Many projectiles were also directed into the town, rather than against its hard shell. Great stones smashing houses and causing some injuries and deaths served to ensure that each additional day the siege lasted would have a cost for those inside as well as those outside the walls, which was very important in keeping the pressure on for surrender negotiations. Such high-trajectory missiles could also kill any livestock left in the open and prevent the defenders from moving easily from place to place or exercising their horses.59 Although
There is no way to address the question systematically, the sources overall tend to suggest that far more stones were sent over the fortifications of towns than against them.

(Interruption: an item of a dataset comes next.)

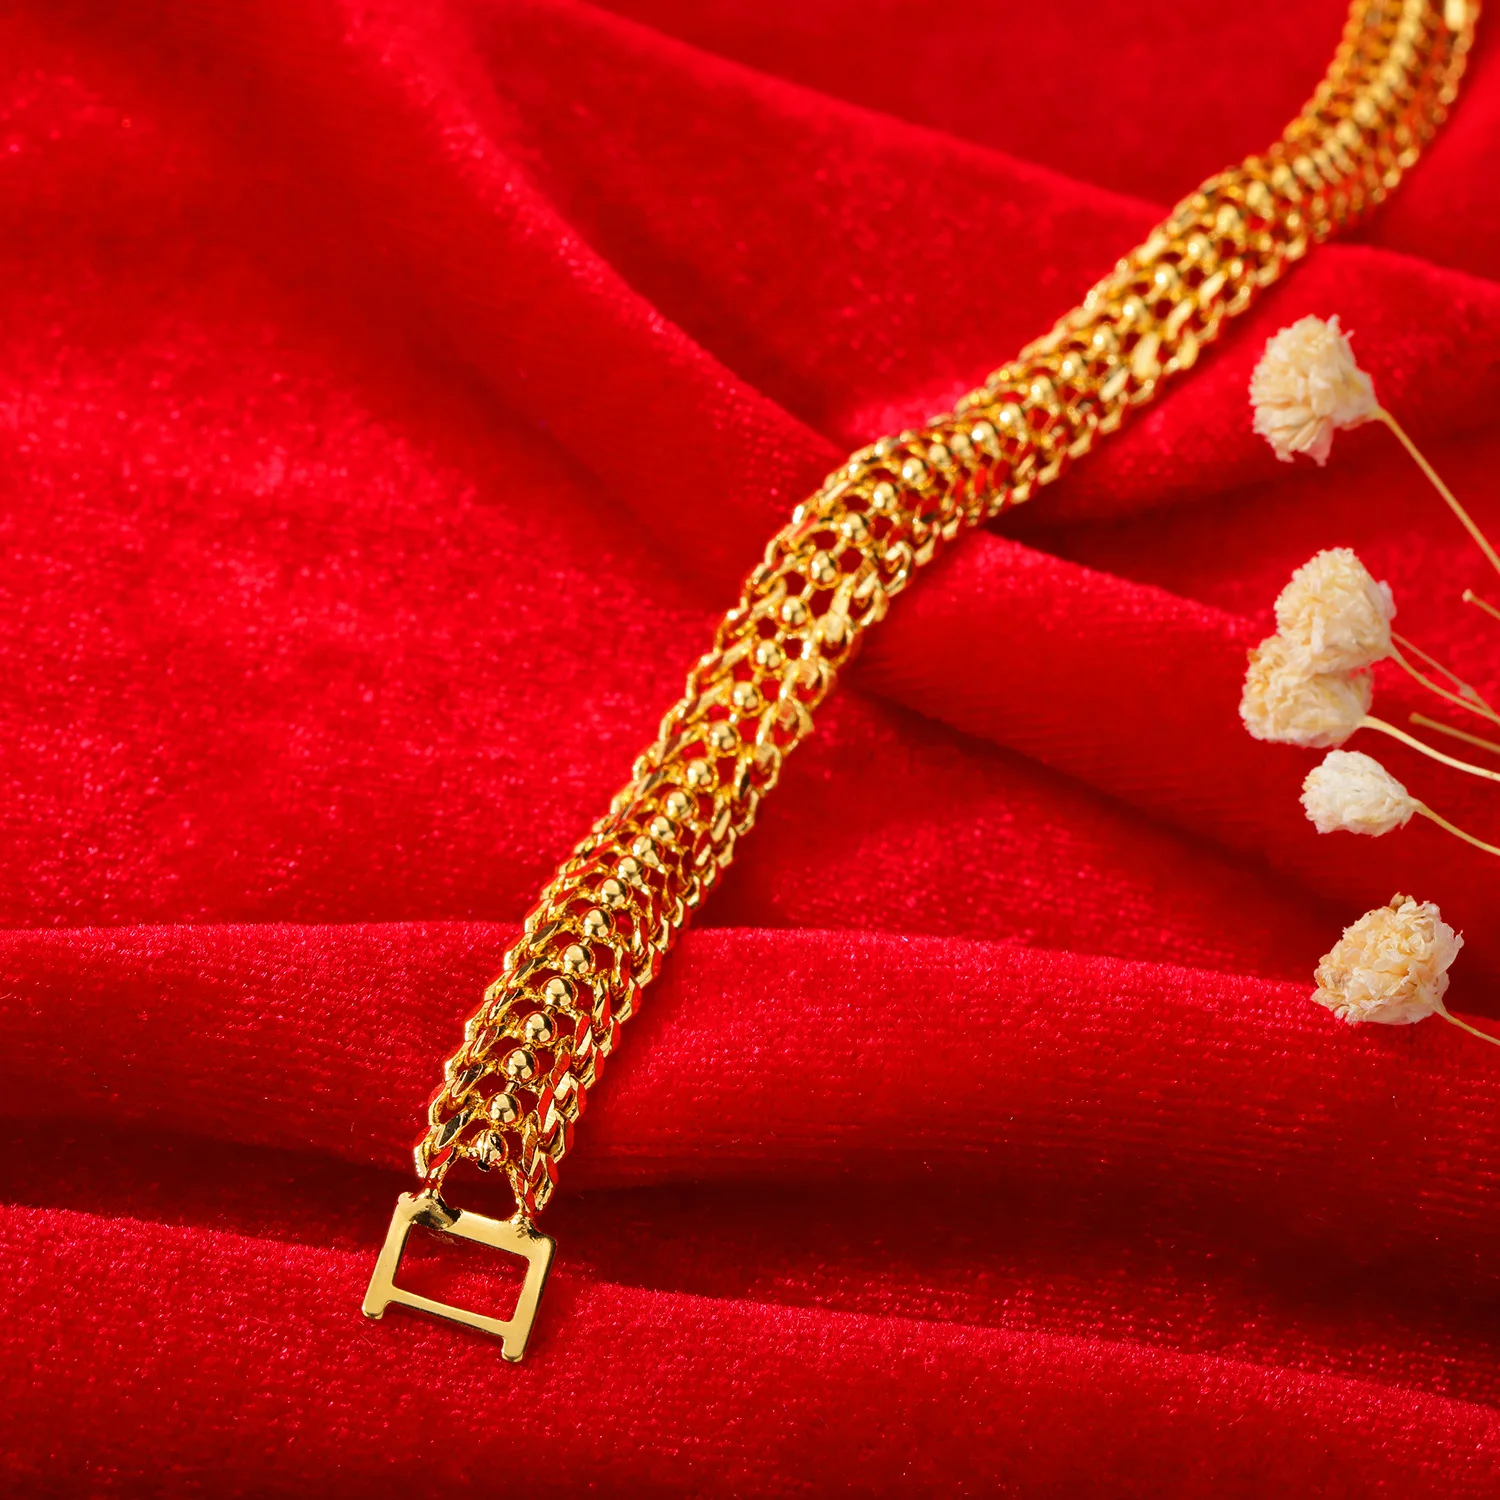 TB-122 Europejska i amerykańska moda gorąca sprzedaż Walentynki kreatywny prezent miedź pozłacane panie bransoletka biżuteria

Another reasonably common feature of major sieges was the construction of wooden siege towers or belfries.60 These were always built high enough to overtop the walls by a good margin (at least 15 feet)—often reaching heights of 80 or 90 feet61—so that crossbowmen atop them could fire down on the ramparts and sweep them of defenders, thus allowing an escalade or direct undermining to succeed. This was in fact their main purpose, a point often misunderstood.62 Usually, they also included a drawbridge at the wall’s height so that assault troops could climb up under cover to mount the defenses. They might also have a battering ram at ground level. Normally, they were designed to be mobile so that they could be drawn right up to the curtain walls on wheels, greased rollers, or barges or ships. The ones built by the Vikings at Paris in 886 had 16 giant wheels and had room for 60 men.63
The best way to advance the siege towers was to anchor iron rings into the ground near the base of the wall, then run thick cables through them, arranged with pulleys in such a way that teams of oxen or men could haul away from the walls, out of missile range, to pull the tower in the opposite direction, or alternately, so that soldiers could move the tower forward by hauling on the ropes from a protected position inside the tower.64 These engines were, however, very vulnerable to enemy stone-throwers and often failed their intended purpose for that reason. Although they were usually wetted down and covered with raw oxhides to make them fire-resistant, they could still succumb to incendiary attacks, especially after being battered by solid missiles, which could expose broken wood. The men on the towers’ roofs, especially, would then almost inevitably be burned to death; this could make manning them quite a terrifying experience.65 On the other hand, they did sometimes lead to great successes, as in the capture of Jerusalem in 1099 or, as Froissart describes, at Ribadavia in 1386:
A large machine of timber was built, and mounted on wheels, that could be pushed anywhere. It would contain, with ease, one hundred men-at-arms, and the same number of archers; but, for this attack, it was filled with archers only, and the ditches were leveled where it was intended to pass.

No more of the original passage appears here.